▶ What this task involves
Restate the listing below line for line and word for word, without the pictures.

▶ Information shown
☆ ☆ ☆ ☆ ☆ ☆ ☆

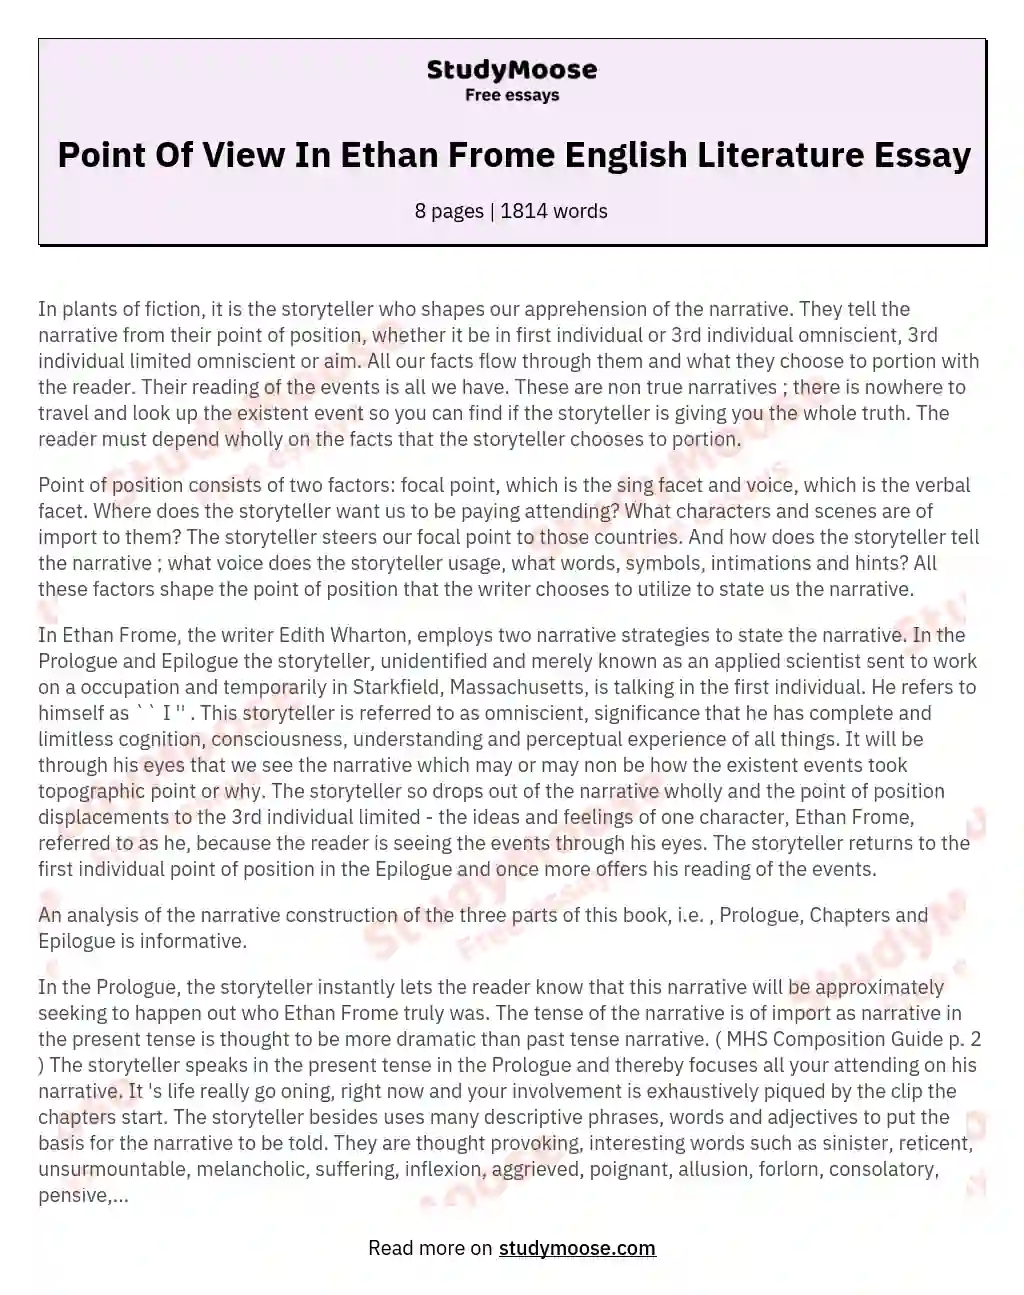 Point Of View In Ethan Frome English Literature Essay essay
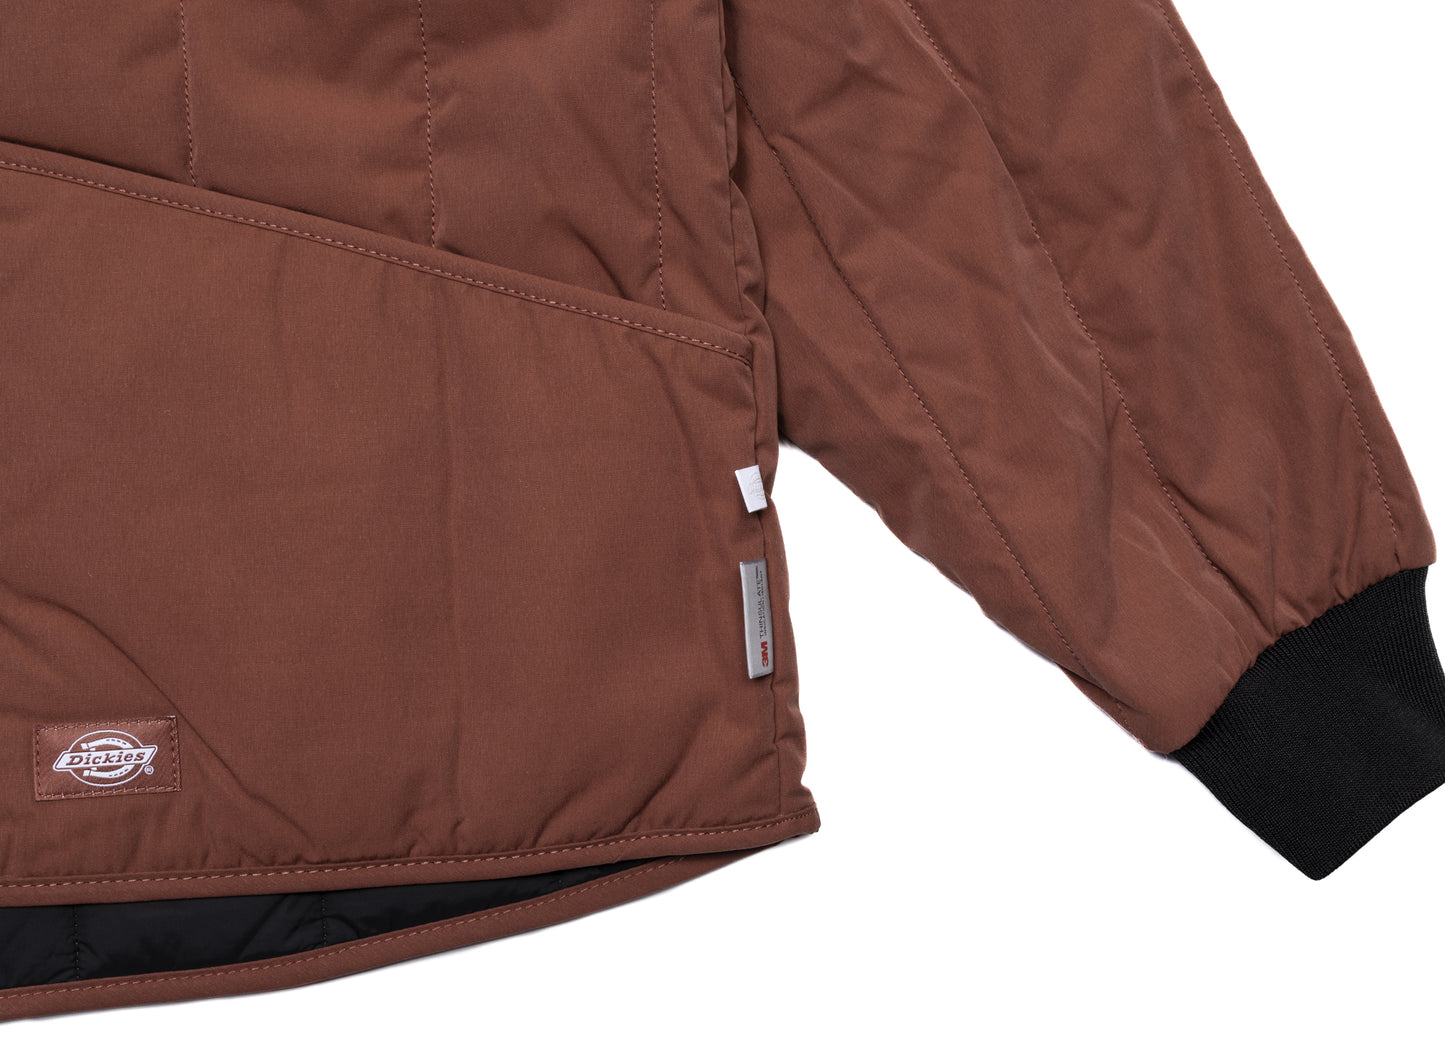 Dickies Insulated Quilted Jacket in Mahogany
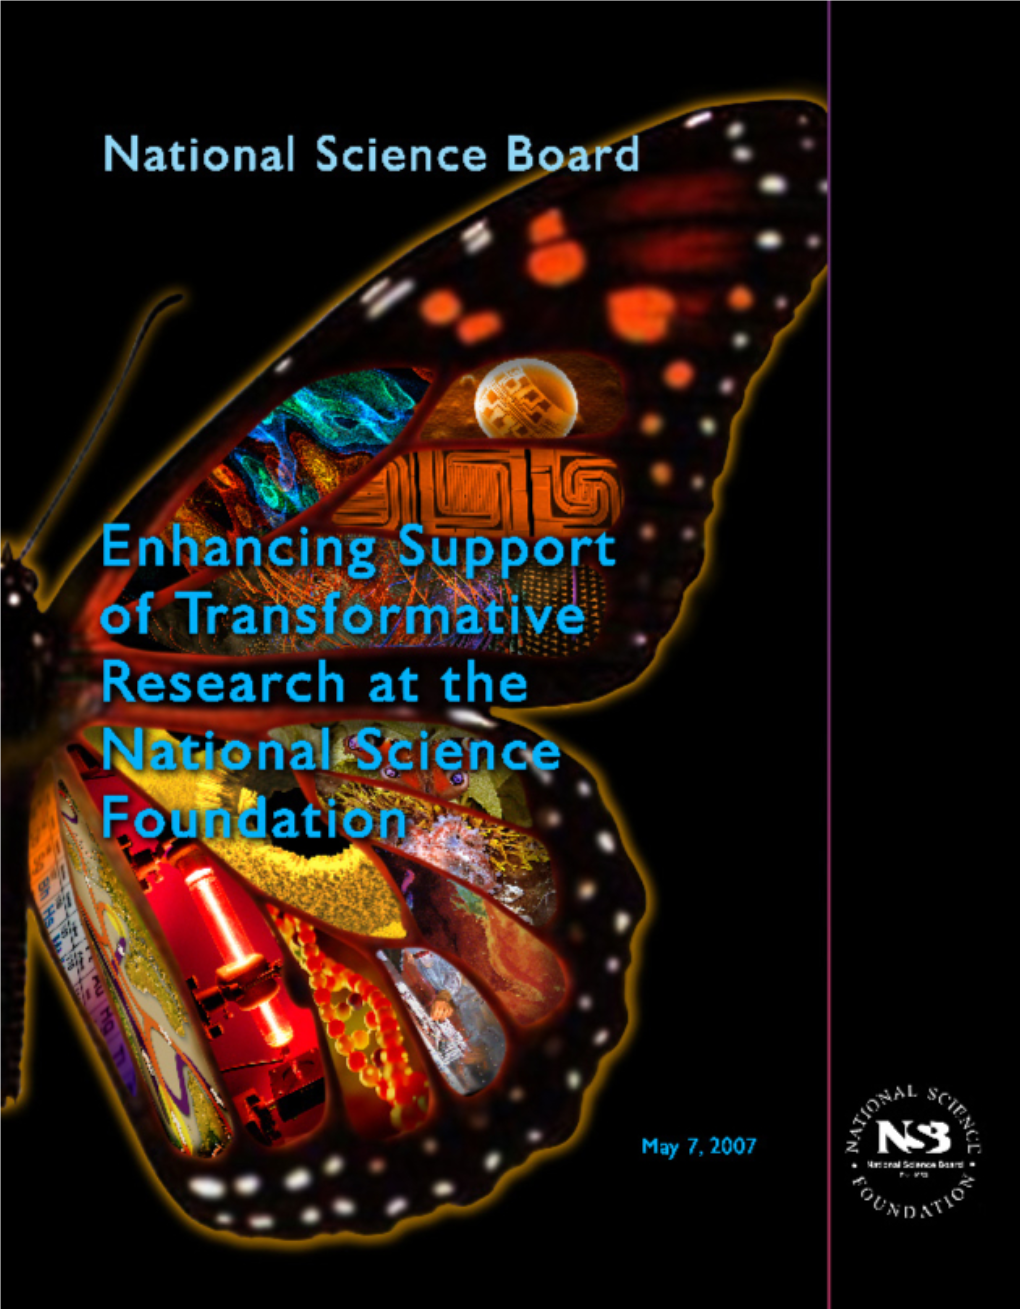 Enhancing Support of Transformative Research at the National Science Foundation

☆ ☆ ☆ ☆ ☆ ☆ ☆

▶ Answer space
 Point Of View In Ethan Frome English Literature Essay essay
 Dickies Insulated Quilted Jacket in Mahogany
 Enhancing Support of Transformative Research at the National Science Foundation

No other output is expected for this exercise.